PAFI Ungkap Alasan Kuat Buat Public Affairs untuk Gunakan Senjata Storytelling
Insan public affairs korporasi mendapat tantangan untuk selalu adaptasi dengan berbagai ruang dan waktu yang semakin dinamis. Tantangan tersebut seiring tantangan yang dihadapi organisasi/korporasi yang semakin banyak dan kompleks.
“Kita sedang dihadapkan dengan multi dimensi challenges, baik itu information yang overload, adanya fake news, policy yang berubah, informasi yang berubah, ada artificial inteligence, ada chat GPT, hingga hilangnya rasa empati di masyarakat,” kata Ketua Public Affairs Forum Indonesia (PAFI), Agung Laksamana dalam PAFI Leadership series 3 pada Kamis (15/06/2023).
Semakin lengkap tantangannya yang ditambah dengan terdapatnya kondisi sulit mengkomunikasikan informasi korporasi kepada publik, media, hingga regulator. Oleh karena itu, untuk mengatasi challenges tersebut dibutuhkan kreativitas dari para public affairs.

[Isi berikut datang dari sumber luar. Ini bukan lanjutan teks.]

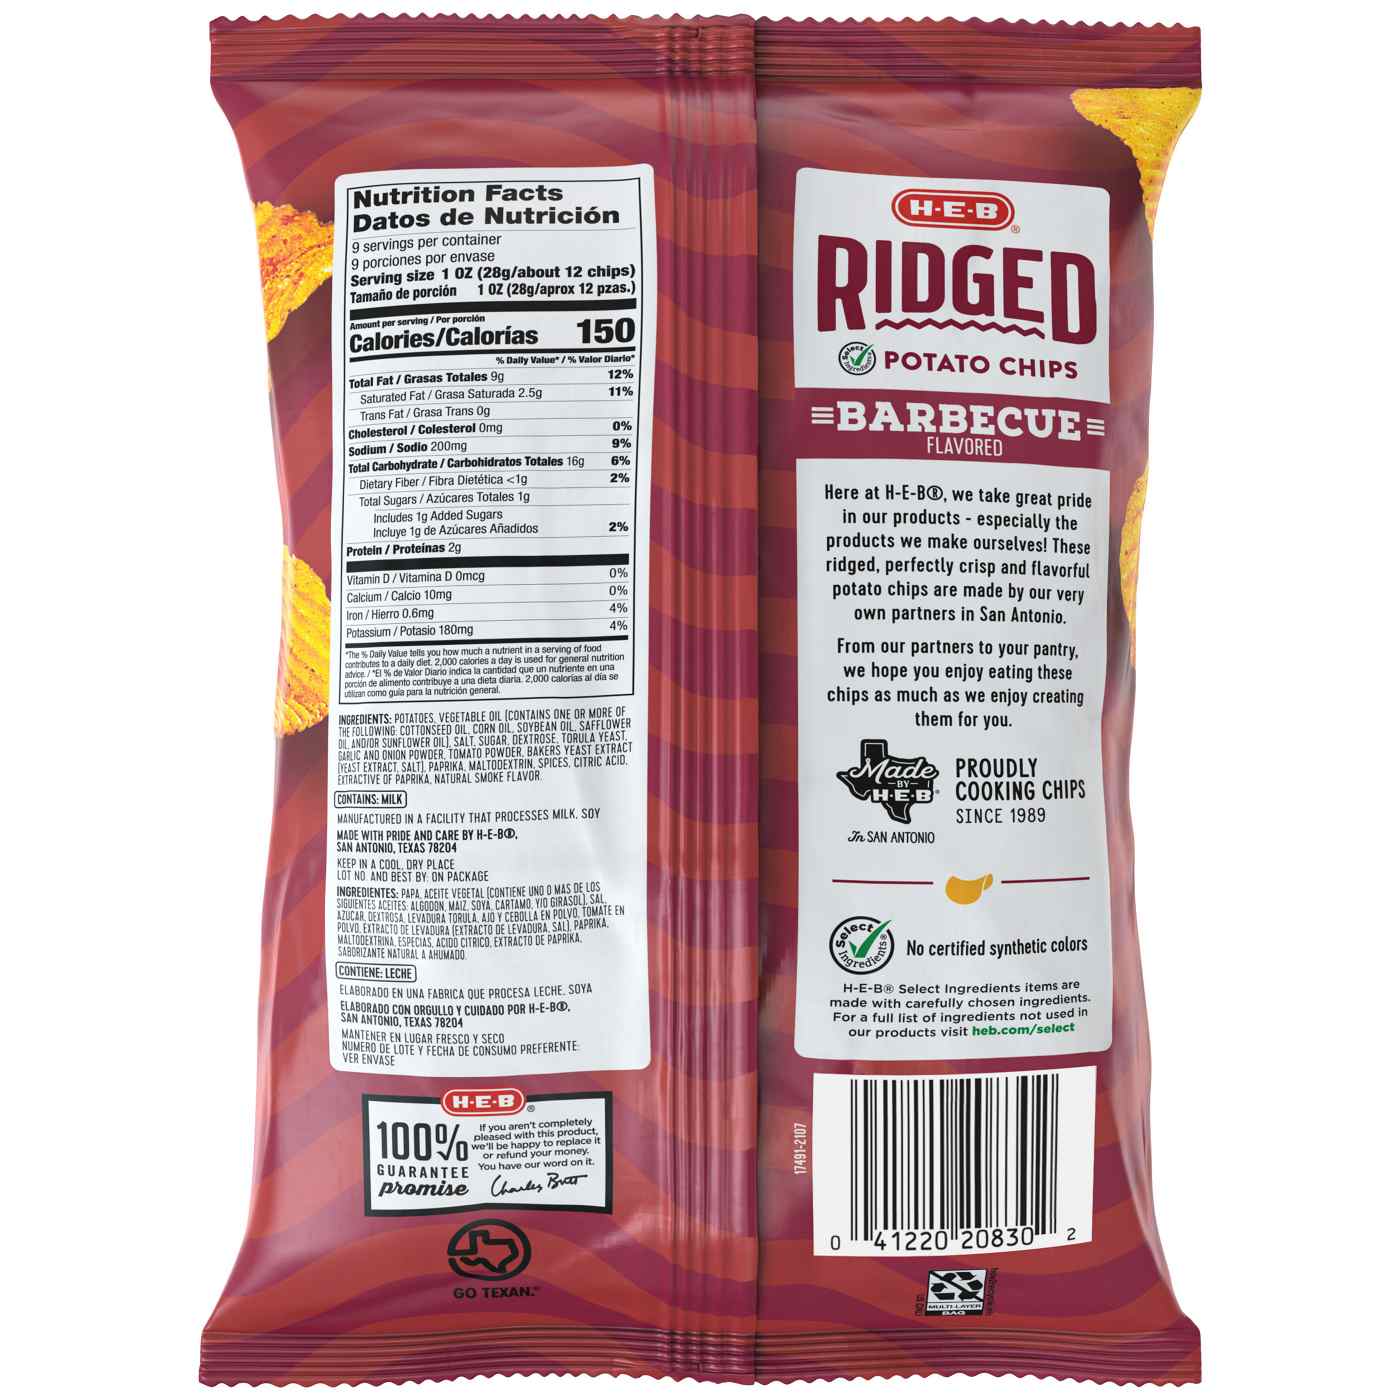 H-E-B Ridged Potato Chips - Barbecue; image 2 of 2

“Saya rasa di titik inilah kreativitas public affairs itu dibutuhkan sebagai bridge untuk memahami tren, regulasi, substansinya, membuat konteks itu menjadi relevan kepada publik, storytelling menjadi bagian penting dalam advokasi public affairs,” ungkap Agung.

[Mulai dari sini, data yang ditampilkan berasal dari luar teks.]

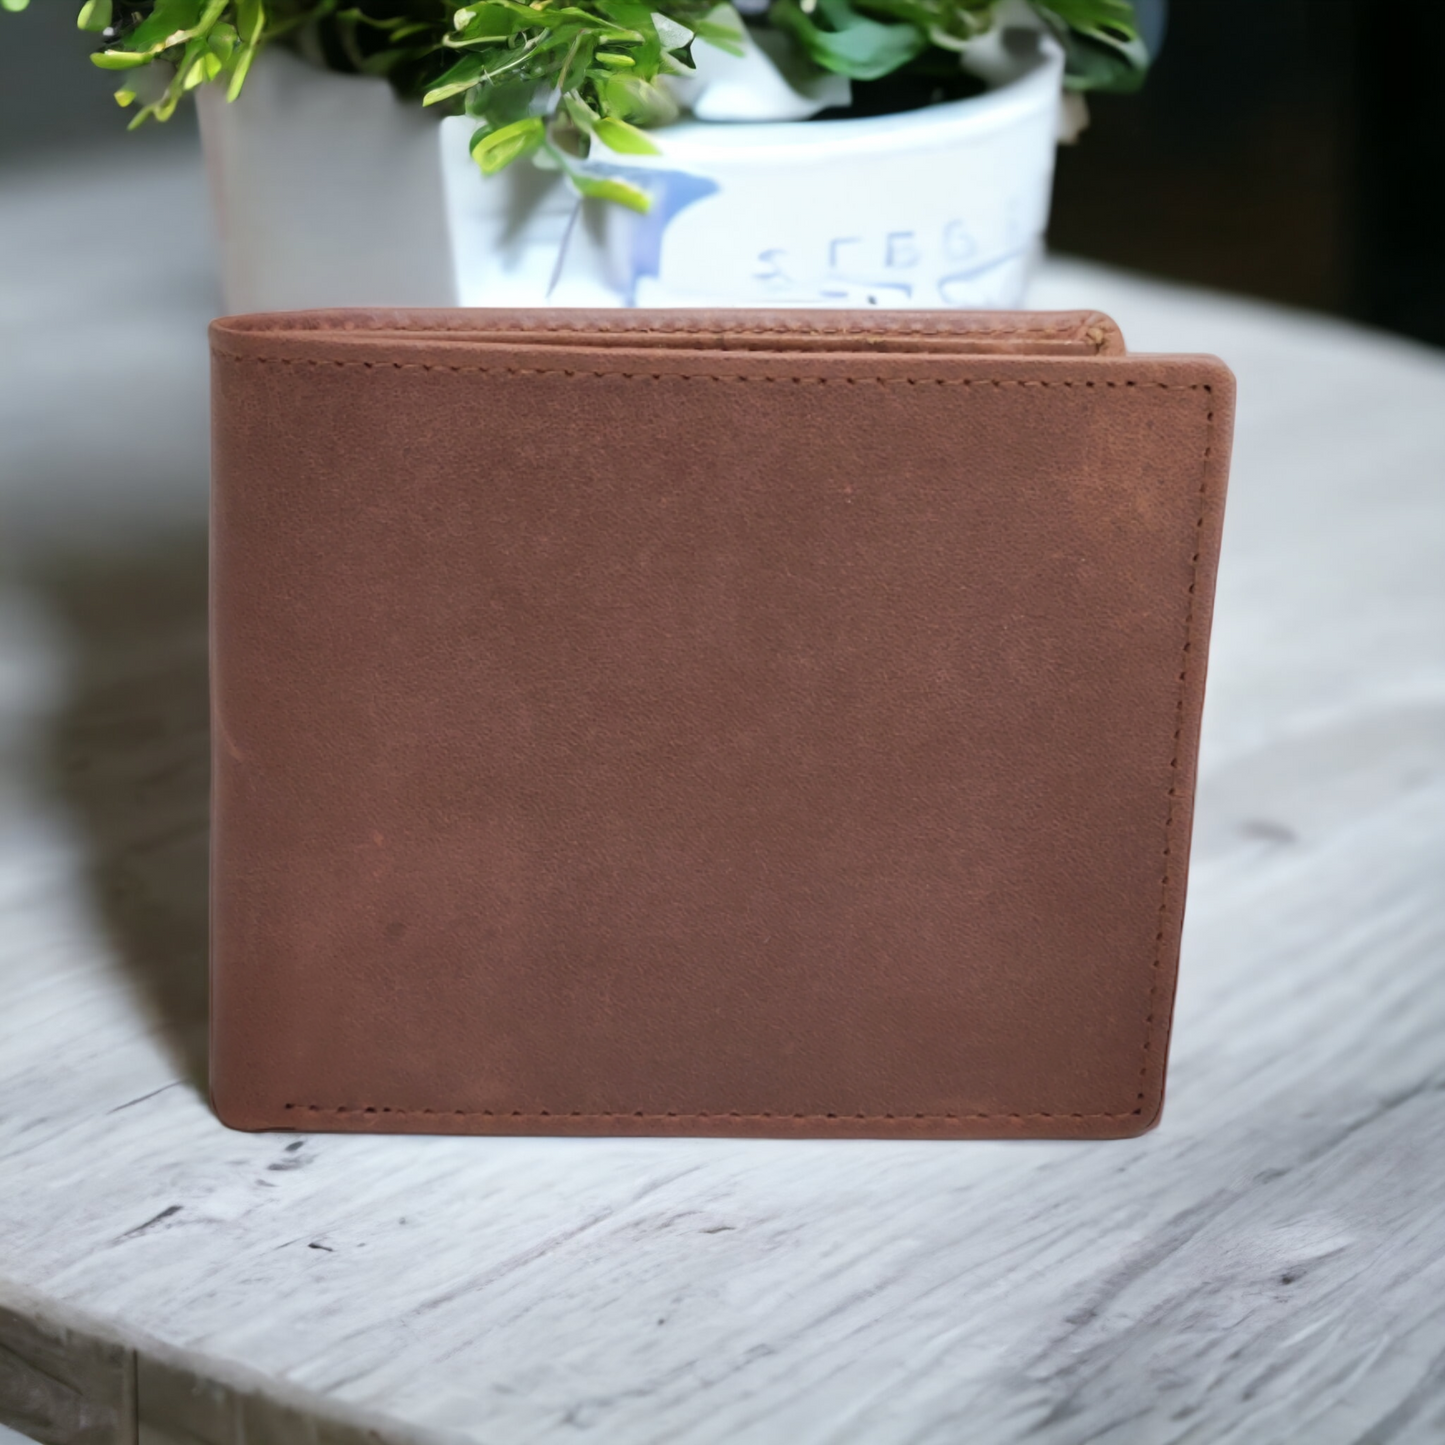 LINDSEY STREET Genuine Leather Wallet for Men | Leather Money Bag | Gift for Him

Agung juga menjelaskan peran storytelling menjadi sangat bermanfaat bagi public affairs. Menurutnya, berdasarkan riset yang didapat menunjukkan bahwa otak manusia akan melepas hormon oksitosin jika mendengarkan cerita.
“Otak manusia itu kalau mendengar cerita dia itu akan melepaskan oksitosin hormon yang terkait dengan trust dan empati. Jadi peningkatan oksitosin itu membuat manusia cenderung trust-nya timbul dan kolaboratif ini penting dalam membuat sasaran untuk mengambil decision making,” lanjutnya
Adapun riset lain menyatakan bahwa manusia mampu mengingat informasi 50% dalam bentuk narasi dibandingkan visual.
Menurutnya, dengan melakukan storytelling ini menjadi peluang untuk public affairs dalam mengomunikasikan kepada stakeholder.
“Jadi ini oppurtunity bagi kita, bagaimana mem-packaging story-story di perusahaan kita kepada stakeholder supaya lebih impactful dan beliau-beliau ini bisa membantu,” lanjutnya.
Agung juga bercerita bahwa Presiden Obama pernah mengakui bahwa salah satu kesalahannya ketika menjabat adalah memahami bahwa tugas Presiden hanya sebatas membuat kebijakan (policy). Padahal, tugas menjadi Presiden lebih dari itu, yaitu harus memiliki kekuatan untuk engaging, atau mempengaruhi hati publik.
“Dia (Obama) bilang menurutnya esensi dari jabatan presiden itu adalah bercerita kepada rakyat Amerika, memberikan unity, memberikan purpose, dan juga optimisme terutama di masa-masa sulit,” lanjutnya.